先生のシモンさんが私達訓練生と荒くれ者達の間に入って庇ってくれた。 

「構わねぇよ。俺達には明日はないからな」 

「どういう意味だ?」 

「その、美少女冒険者クリスて奴のおかげで、俺らのパーティは捕まる! 捕まる前に復讐してやる!」 

「そんな事をすれば、更に罪が重なるだけだぞ!」 

「へっ、後がねえんだよ。捕まったら待っているのは、どうせ死罪だ」 

「何だと? 貴様ら、一体どこのどいつだ?」 

「いいぜ、名乗ってやろう。冒険者パーティ『銀の鱗』のリーダー、エドヴィンだ」 

「ぎ、『銀の鱗』!?」 

 先生の声は狼狽したものだった。それだけヤバい奴らっていう事か? それに『銀の鱗』! やっぱりエリスちゃんを酷い目に合わせようとした元番頭の用心棒のパーティだ。 

「生徒達には指一本触れさせない!」 

先生は毅然とした態度で言った。だが、その顔には冷や汗が滲む。 

「お前なんかで、俺様達の相手になるとでもと思っているのか? 俺様はAクラス冒険者だが、Sクラスに昇格を促されているんだよ。もちろん、悪さができねぇから断っているがな!」 

「つぅ」 

先生の汗の滲みが半端ない。これはかなりの強敵、私、ピ~ンチ! 

「お前がクリスだな?」 

 銀の鱗のリーダー、エドヴィンはアンを指さしてそう言った。あれ、勘違いされてる? ラッキー☆ とぼけたら無事で済むかも! 

「わ、私は!」 

 アンが言いよどむ。止めてよアン、私を売らないで! そして、私の代わりに色々酷い事されて! 私は嫌よ。あんなのもうコリゴリだから。 

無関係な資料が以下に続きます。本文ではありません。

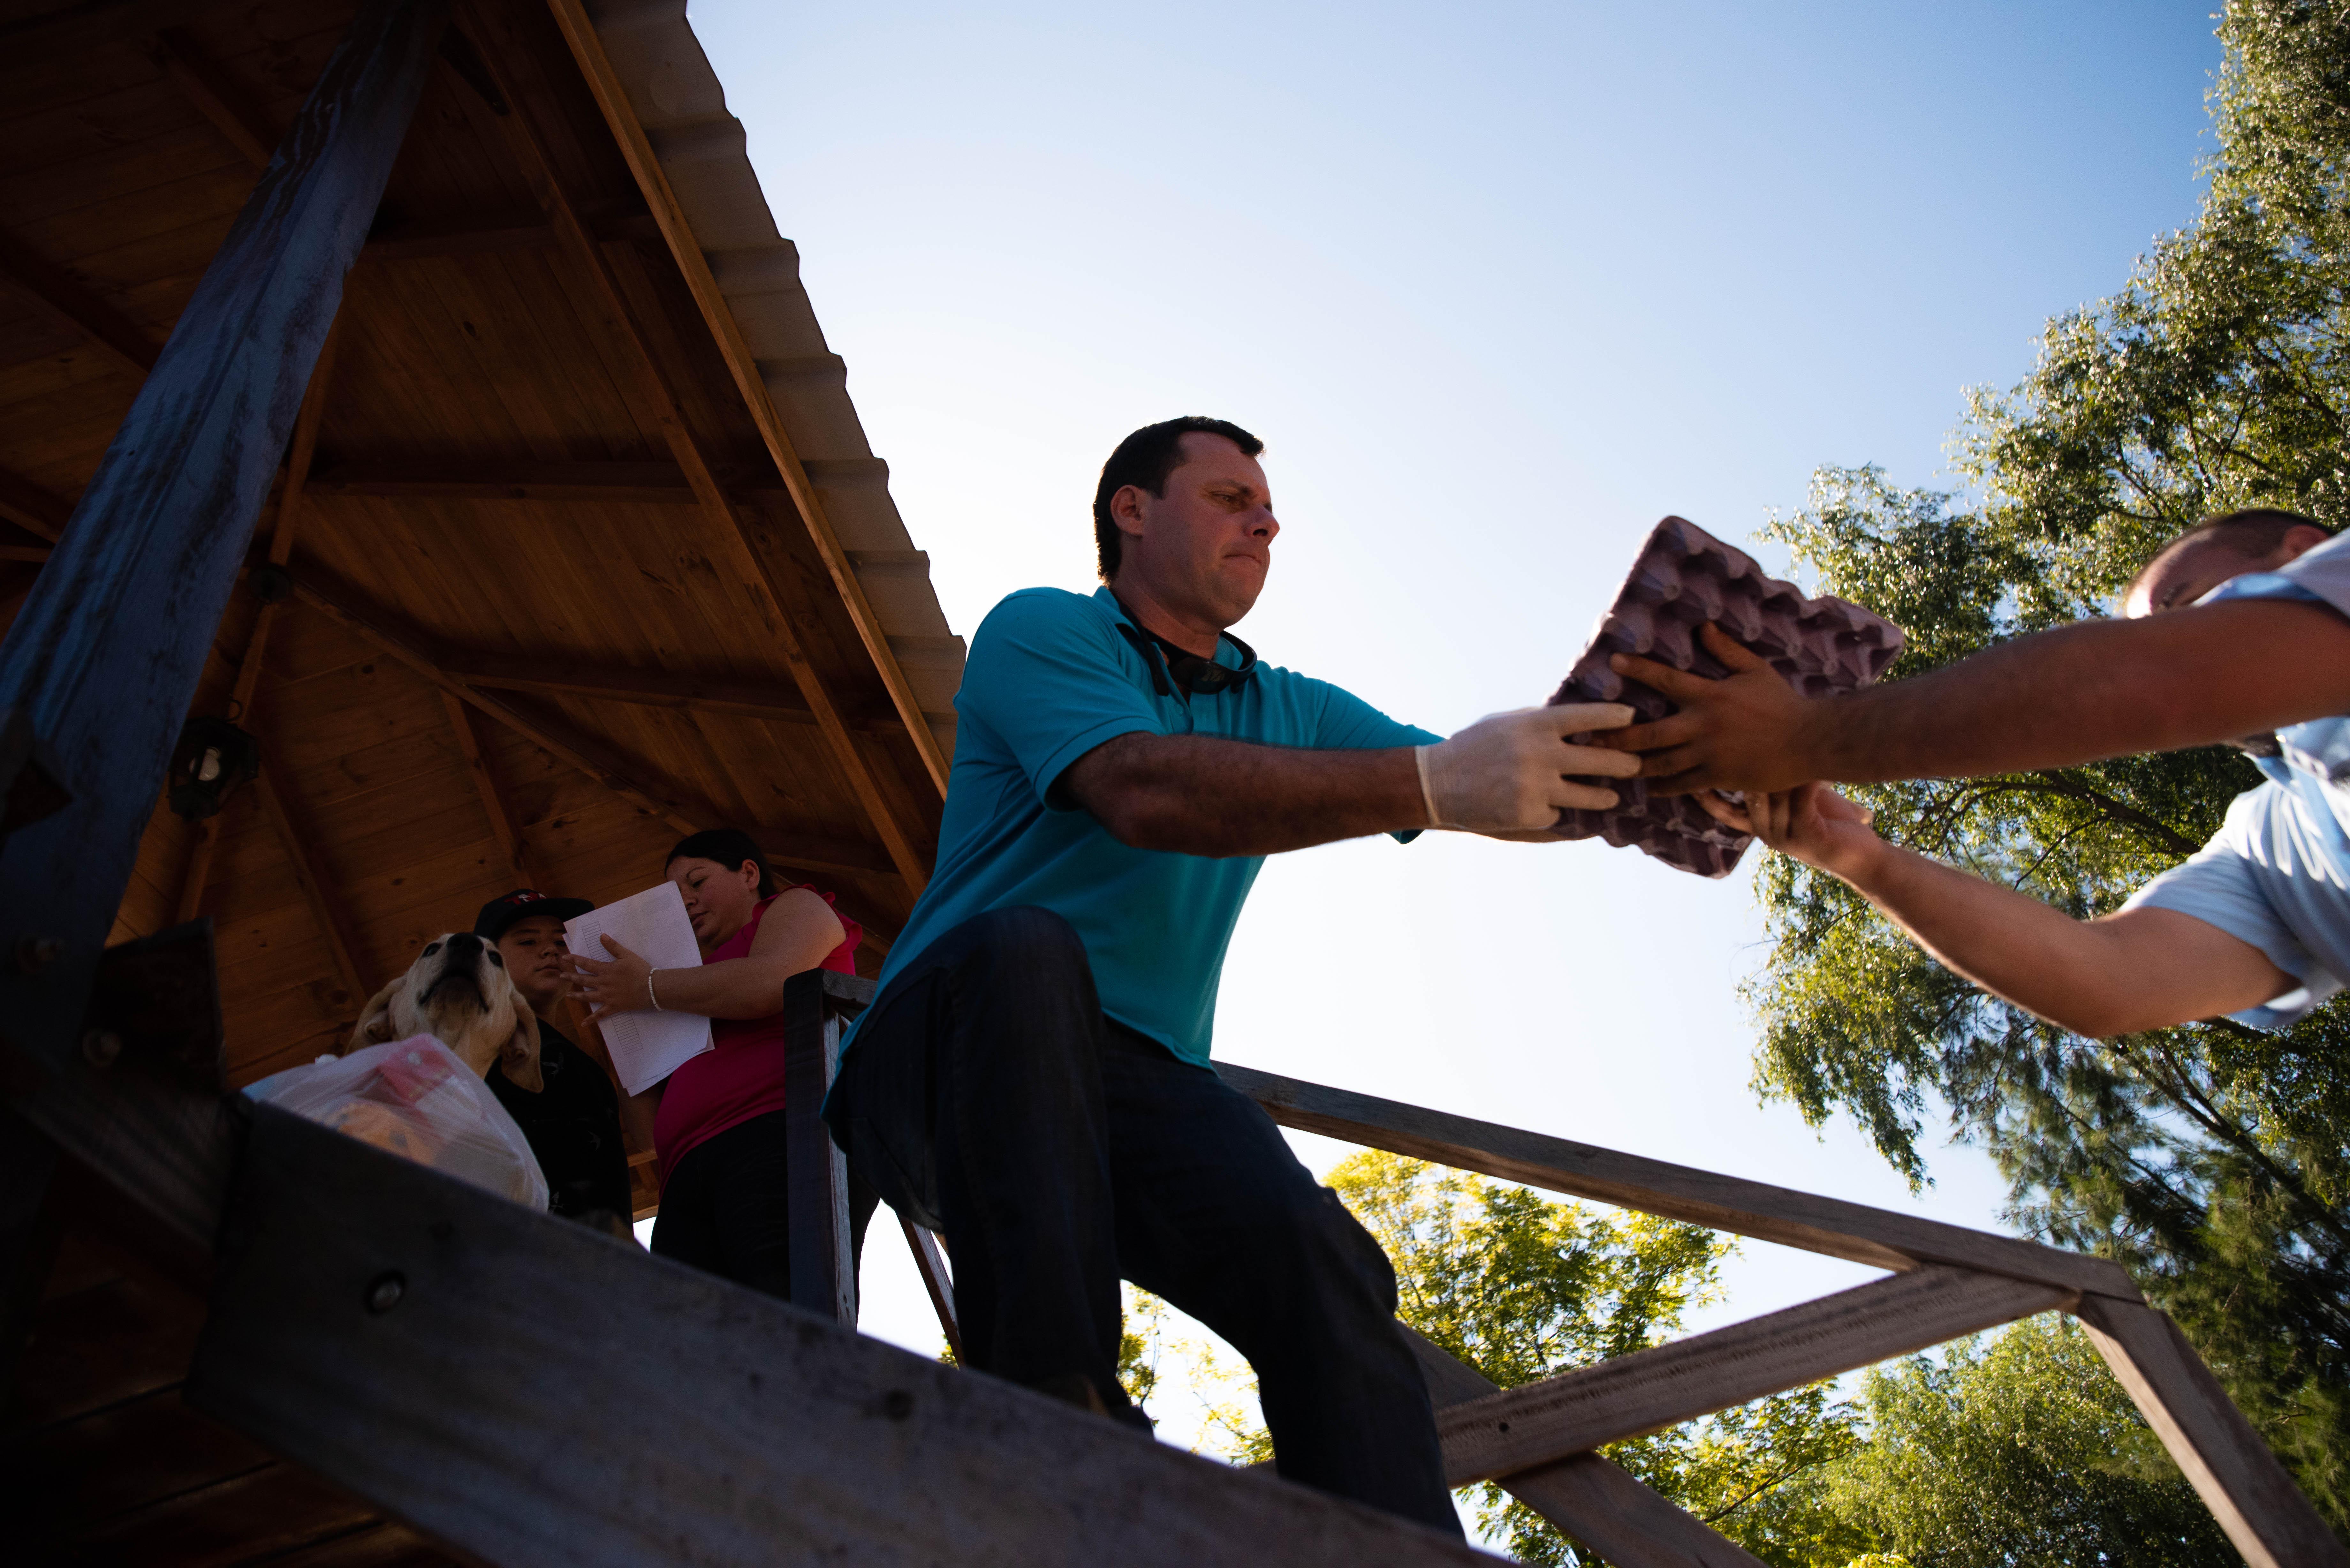 Diego, uno de los docentes que participó de la entrega de kits, descarga alimentos frente a la casa de uno de sus alumnos. (Foto: Franco Fafasuli)

「お前じゃなきゃ誰なんだ? 他にいないだろ? 美少女が?」 

 な、なんだと、ここにいるでしょ? アンも美少女だけど、私だって十分美少女なんだから? 確かにアンは正統派の癒し系美少女だけど。私だってホントに美少女なんだからね......自称じゃないもん...... 

「彼女はクリスじゃないよ」 

嘘ぉー、まさかの幼馴染のアルに売られるパターン。 

「クリスはこの娘だよ」 

アルが私を指さす。 

「…………ッ!!!! ちょっ、待っ……アル酷い! あなた、何言っているの!? ちょっ、本当に……私、クリスじゃない!!」 

「「「「「「「「「「この人がクリスでーす」」」」」」」」」」 

…………クラスメイト全員に売られた………… 

「どこが美少女なんだ?」 

 カチン、こいつ、絶対ワザとだろう。私を煽る為にやってるでしょう? 私だって、私だって、美少女なんだもん。ああ、もう、こうなったら、破れかぶれだわ。 

「まぁ、いいだろう。お前の両手足の腱を切って、動けないようにしてたっぷり犯してやる」 

「俺たちも後で愉しませてくれるのかな?」 

「無理じゃね? リーダーはいつも壊しちまうし」 

 鬼畜な事を平然としゃべるこいつら、マジで、誰か助けて! ストーカー、いや騎士団は何やってんのよ! こんな大事な時に! 

「クリスにそんな酷い事はさせません!」 

アンが毅然とした態度で、私を庇ってくれる。アン、いい子、いい子ぉぉぉお!!!!! 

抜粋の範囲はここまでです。